Hello,
I have since 1.7.x very big problems with our InfluxDB. It was running since years without any big issues, but since 1.7.1 everything is pretty bad.
I had 188GB on metrics with Icinga2 and Telegraf and a few hundred hosts. I switched the index to TSI1, but 32GB RAM wasn’t enough. The problem starts at every hour and eating the whole CPUs and slowly the memory.
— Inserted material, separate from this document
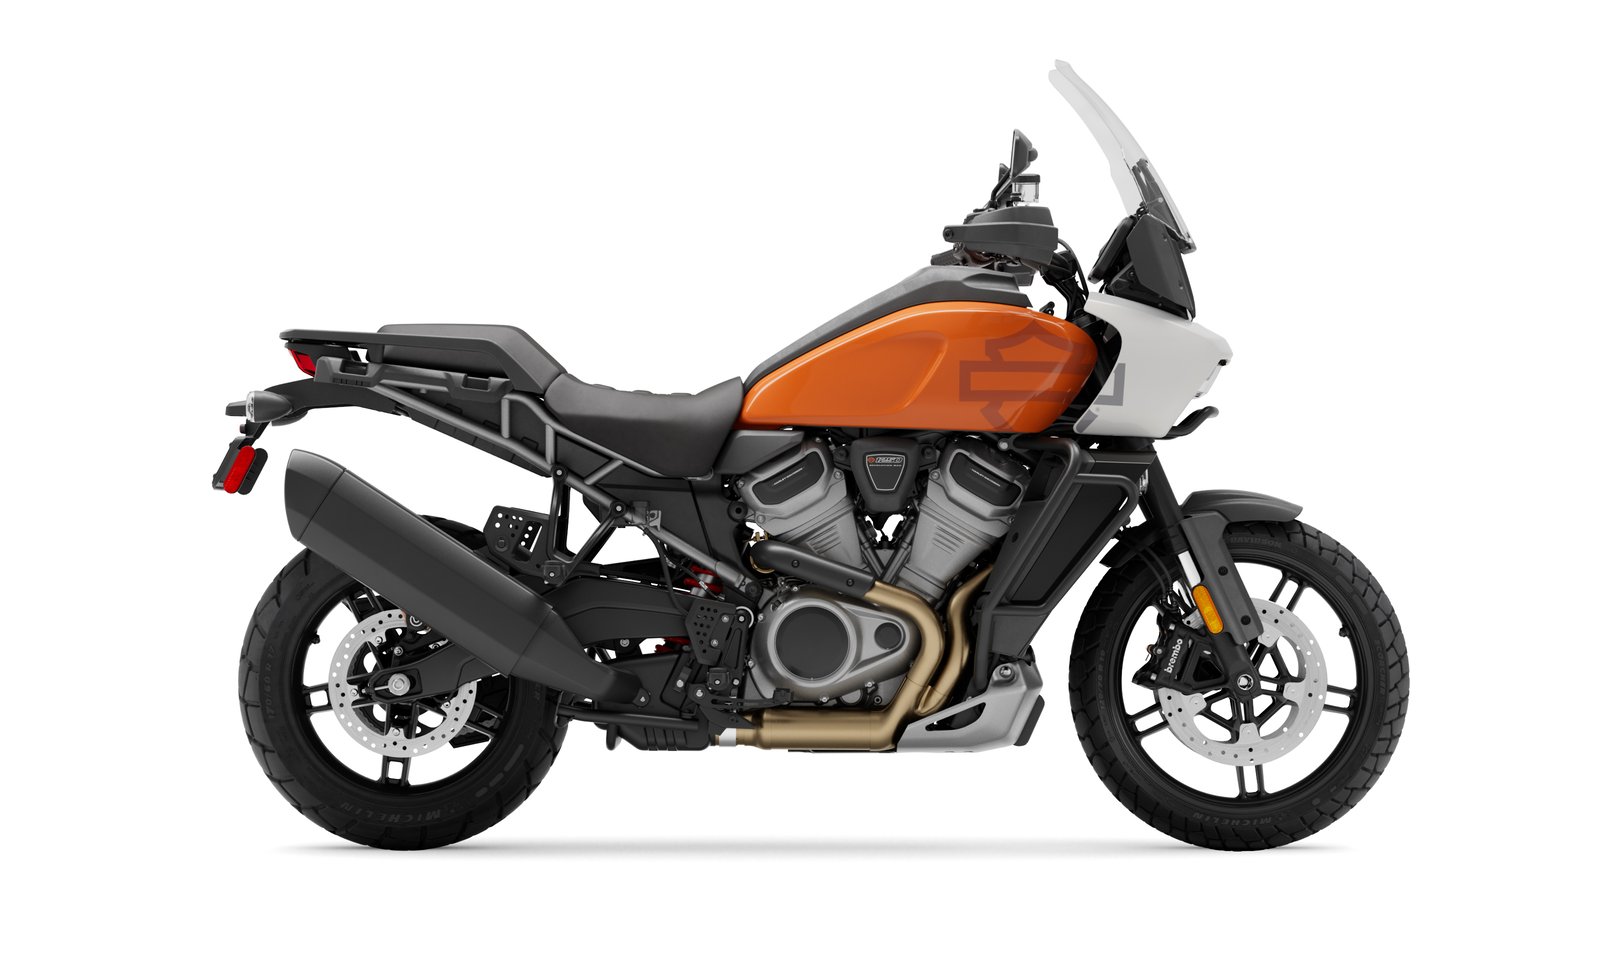 Jual Daytona Spion High Visibility Parallel Untuk Harley Davidson Original Webike Indonesia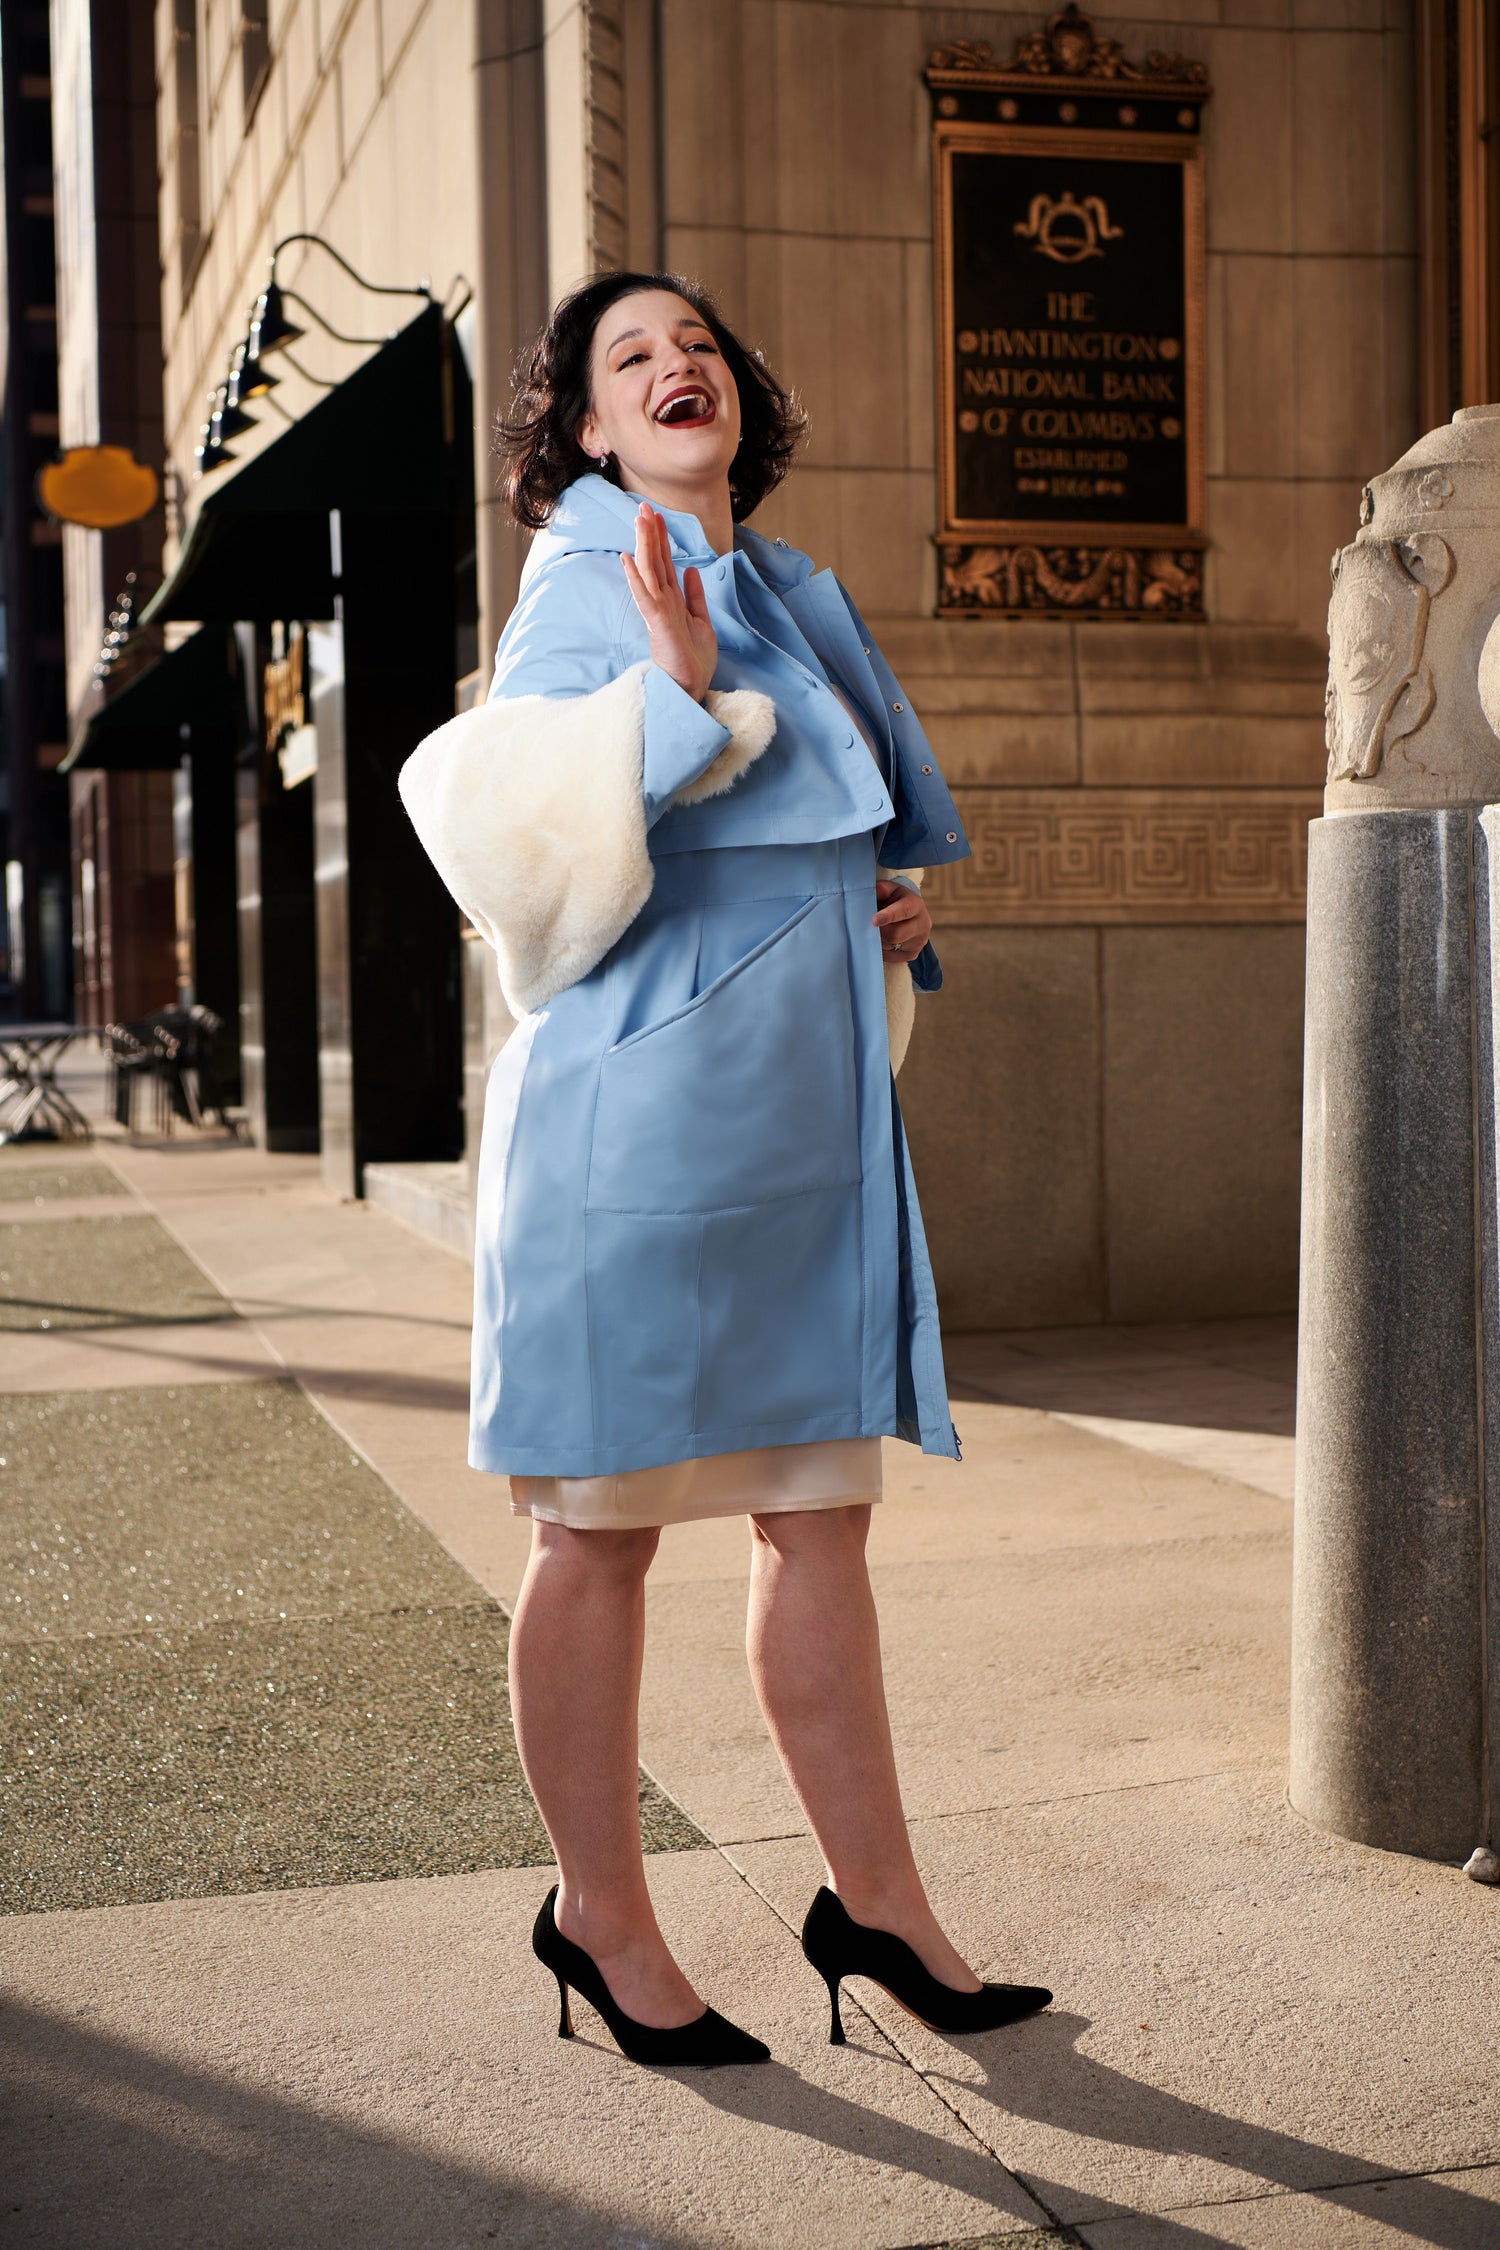 woman in blue rain jacket and heels with vegan fur stole marilyn monroe inspired

It may has something todo with GC or the retention policy …
I searched over weeks for a solution, but I’m lost now …
- System: Debian Stretch
- VM: KVM
- 36GB Memory
- 6 vCPU cores
- InflxudB 1.8.1
reporting-disabled = true
[meta]
enabled = true
dir = "/var/lib/influxdb/meta"
bind-address = "graph-01.example.com:8088"
http-bind-address = "graph-01.example.com:8091"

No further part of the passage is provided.